Oslo, Bergen, Tromsö: Universitetsforlaget. 1969.

This detailed and originally-minded treatment of English phonetics was evidently written with the needs of Scandinavian university students particularly in mind. It is hardly a book for beginners in the subject: the term ‘phoneme’, for example, although the reader will encounter it here and there throughout the book, is only very briefly explained and sparsely illustrated, while the expression ‘a case of phonemic neutralization’ is used without explanation as early as page 3. The transcription used is [as in Gimson’s Introduction 1] , except that Gimson’s /u:/ is replaced by the symbol /o:/, which is allegedly less confusing for Scandinavians. The main emphasis is always on British RP, though there are frequent references to ‘General American’ pronunciation. The student’s task is lightened by helpful comparisons with the phonetics of Danish, Swedish and Norwegian.

The book has ten chapters: (1) Consonants, (2) Vowels, (3) Transcription, (4) Gradation, (5) Rhythm, (6) Intonation, (7) Orthography, (8) Models of Pronunciation, (9) Intonation Reading Practice, (10) Passages for Reading and Transcription. It will be seen that theoretical material and practical exercises are both accorded plenty of space, the latter predominating over the former as the learner progresses through the book. Seven appendices deal with (A) Comparative Vowel Diagrams, (B) Key to Gradation Exercises, (C) Key to Intonation Exercises, (D) Key to Sounds and Spellings Exercises, (E) Model Transcription, (F) Bibliography, and (G) Nonsense Words for Dictation.

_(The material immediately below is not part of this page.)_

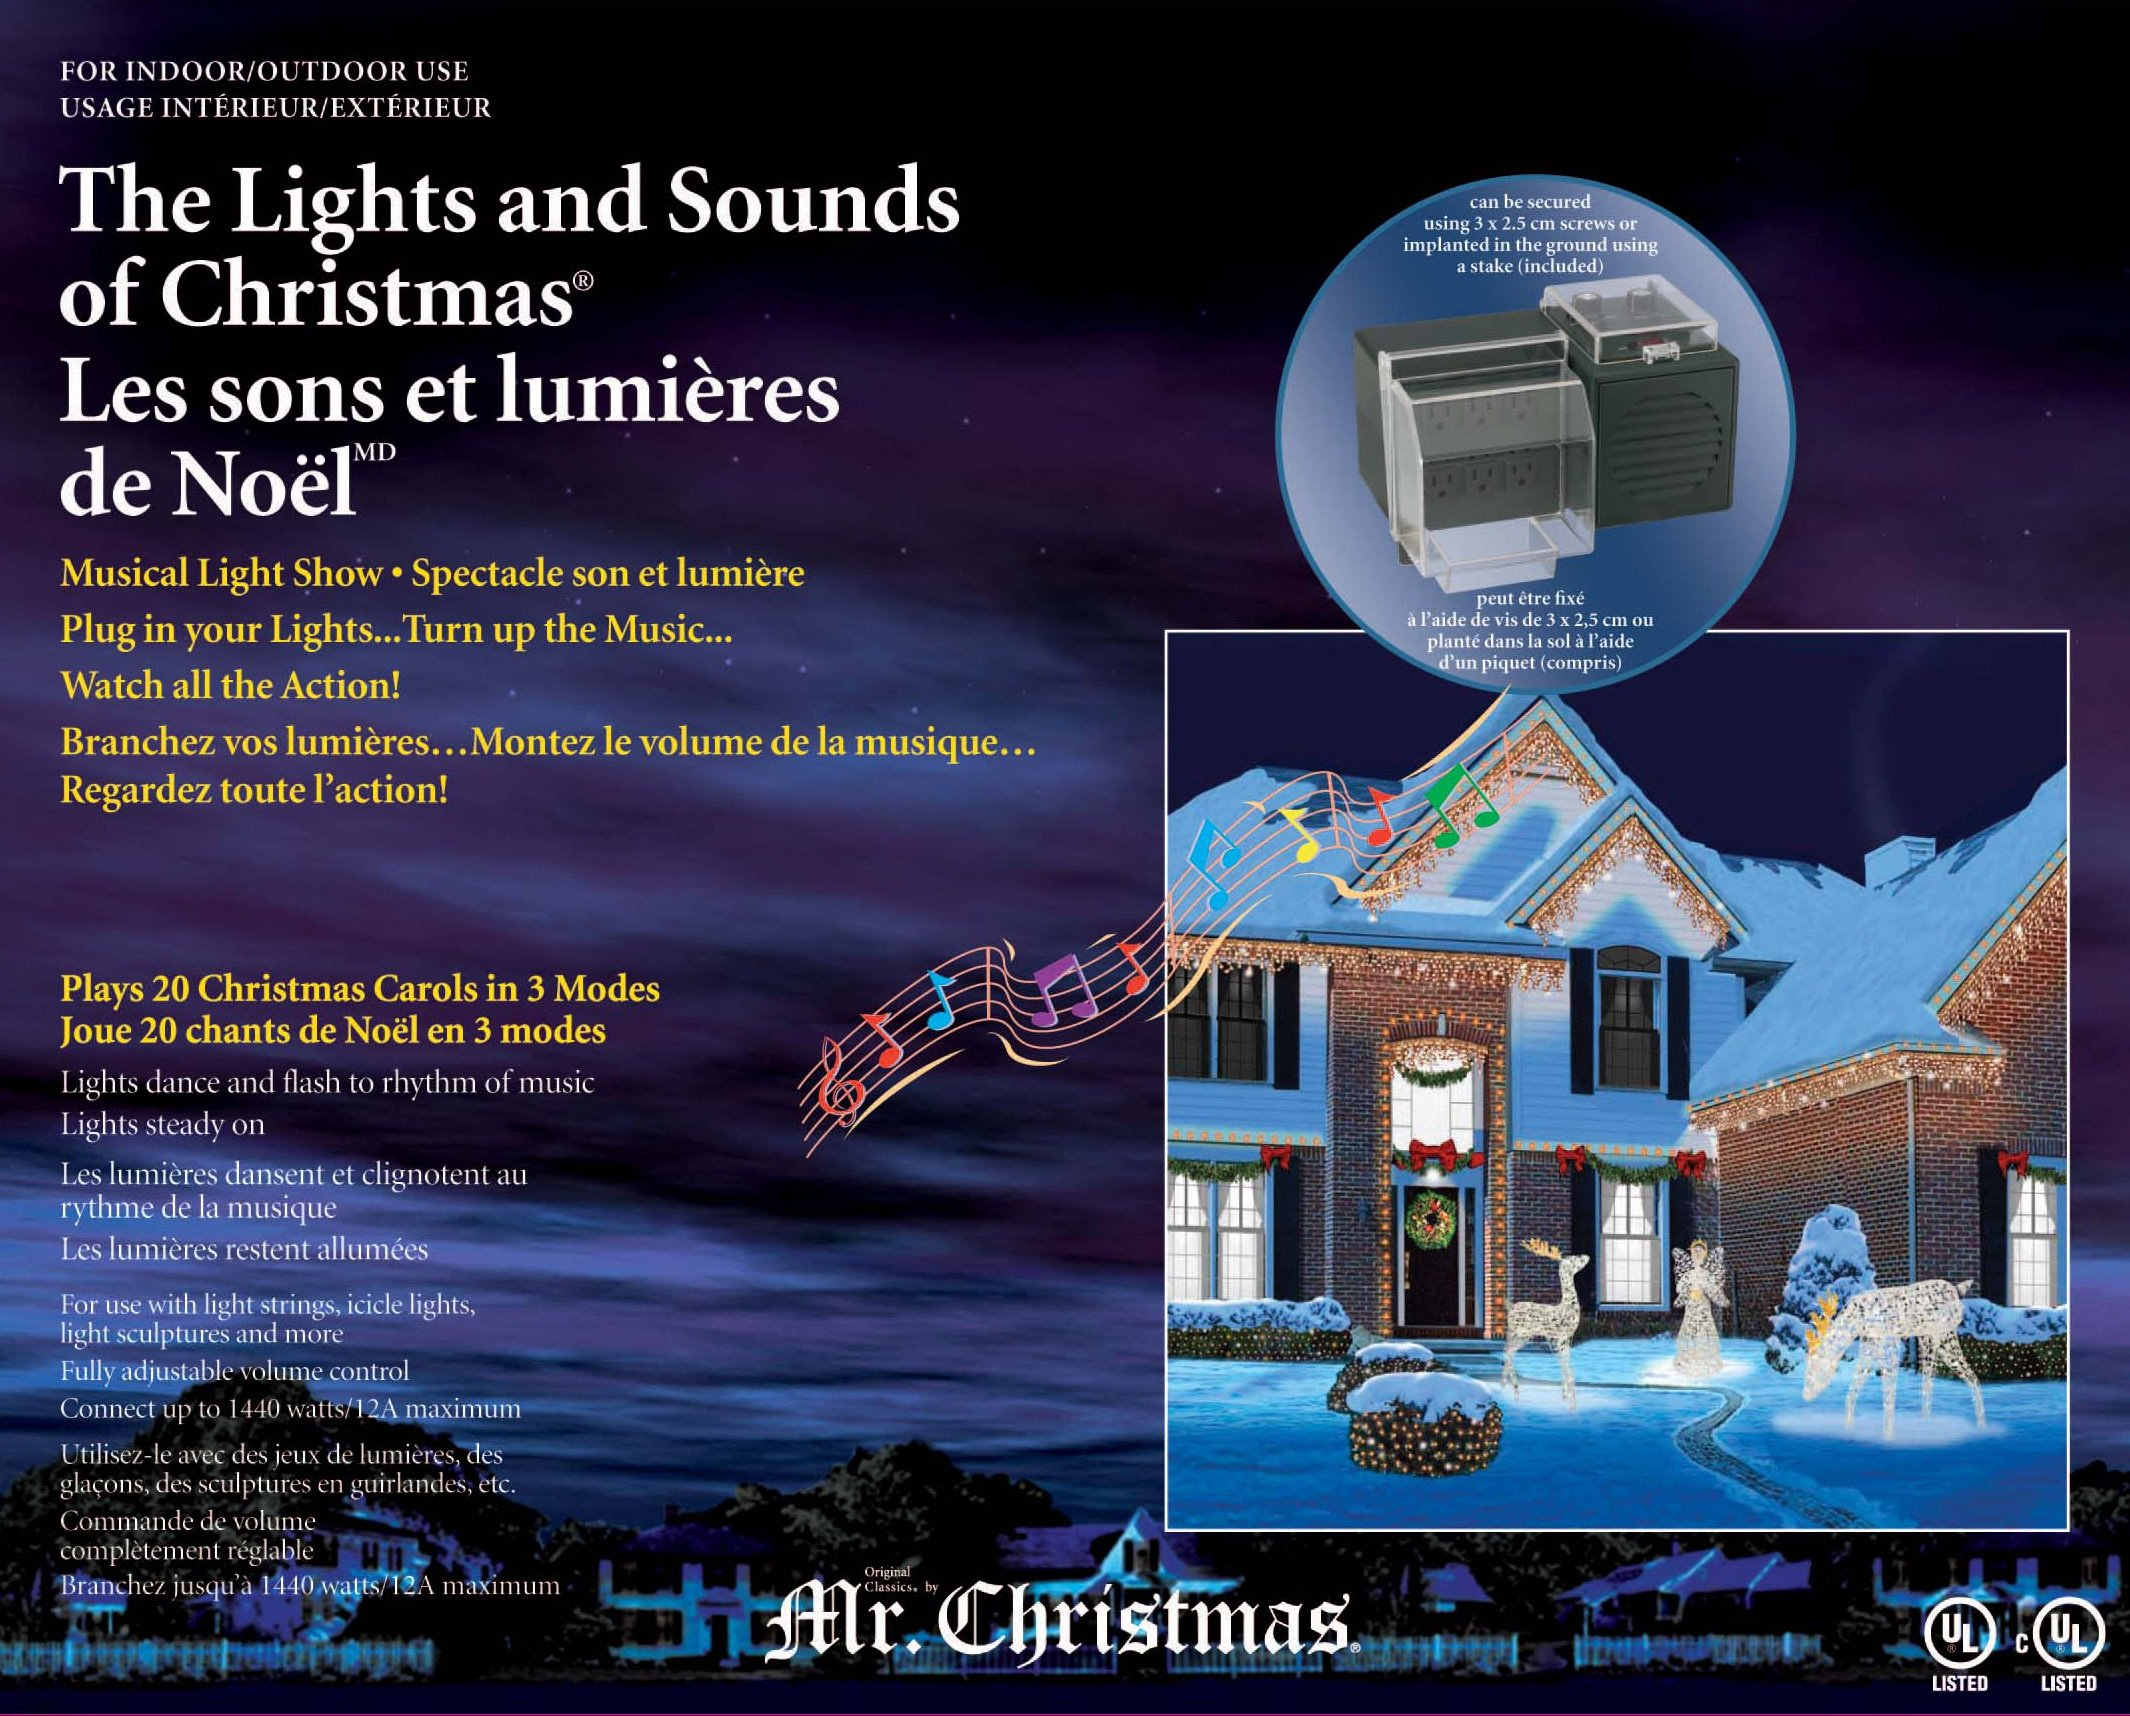 Mr. Christmas Lights and Sounds of Christmas, Outdoor by Mr. Christmas (Image #2)

Professor Lewis has many fresh observations to make on English phonetics, showing himself in no way content just to repeat what others have said. Perhaps the most valuable innovations are his articulatory classification of /l/ and /r/ as ‘contractives’, lateral and longitudinal respectively, and his redesigning of the familiar vowel quadrilateral. The latter has been given extra grid lines so that it shows seven degrees of opening and seven degrees of tongue advancement, while still being based on Jones’ cardinal vowels. Thus in the vertical scale a ‘semi-half-close’ line is located between close and half-close, a ‘mid’ line between half-close and half-open, and a ‘semi-half-open’ line between half-open and open. It is further prescribed that vowel points may be plotted only on grid lines or half way between them, so that overly precise plottings are ruled out. Lip position is shown by placing the vowel symbol in a square (spread) or a circle (rounded). Vowel diagrams of this kind are shown for primary and secondary cardinal vowels and for the vowels of RP, General American, the Scandinavian languages, and (relegated to their appendix) Finnish, French, German, Italian, Spanish, and Russian.

The chapters on gradation (weak forms) and intonation, too, illustrate Professor Lewis's originally-minded approach. The former seems to this reviewer the more successful. Intonation in general is a notoriously difficult subject to learn and teach, and the intonation of English in particular is really too complex to be treated adequately in a mere twenty pages. The range of tunes described here is considerably greater than the practical selection to which O’Connor and Arnold devoted a whole book 2. An inevitable result of so brief a treatment is that some tunes and tune symbols are only partly or misleadingly explained. Thus on page 60 the ‘level-level’ tone (shown thus, "Cheerio everybody!) surely requires the first level tone be higher than the second (we might show this as 'Cheeri-'o everybody!) – but Professor Lewis forgets to mention that this is so. Doubling a tone mark denotes that the tone ‘exhibits a pitch range wider than is normal relative to its situation’ (p. 61): what is the learner to make of the doubled LEVEL tone which occurs four examples later? One can hardly give a level tone wider pitch range!

The Scandinavian countries being England’s foremost linguistic colonies, their speakers of English as a foreign language have for long outshone all others in their ability to pronounce English in a reasonably native-like way. This book seems likely to increase their lead.

1 A.C. Gimson, Introduction to the Pronunciation of English (Edward Arnold, 1962).

2 J.D. O’Connor and G. F. Arnold, Intonation of Colloquial English (Longmans, 1961).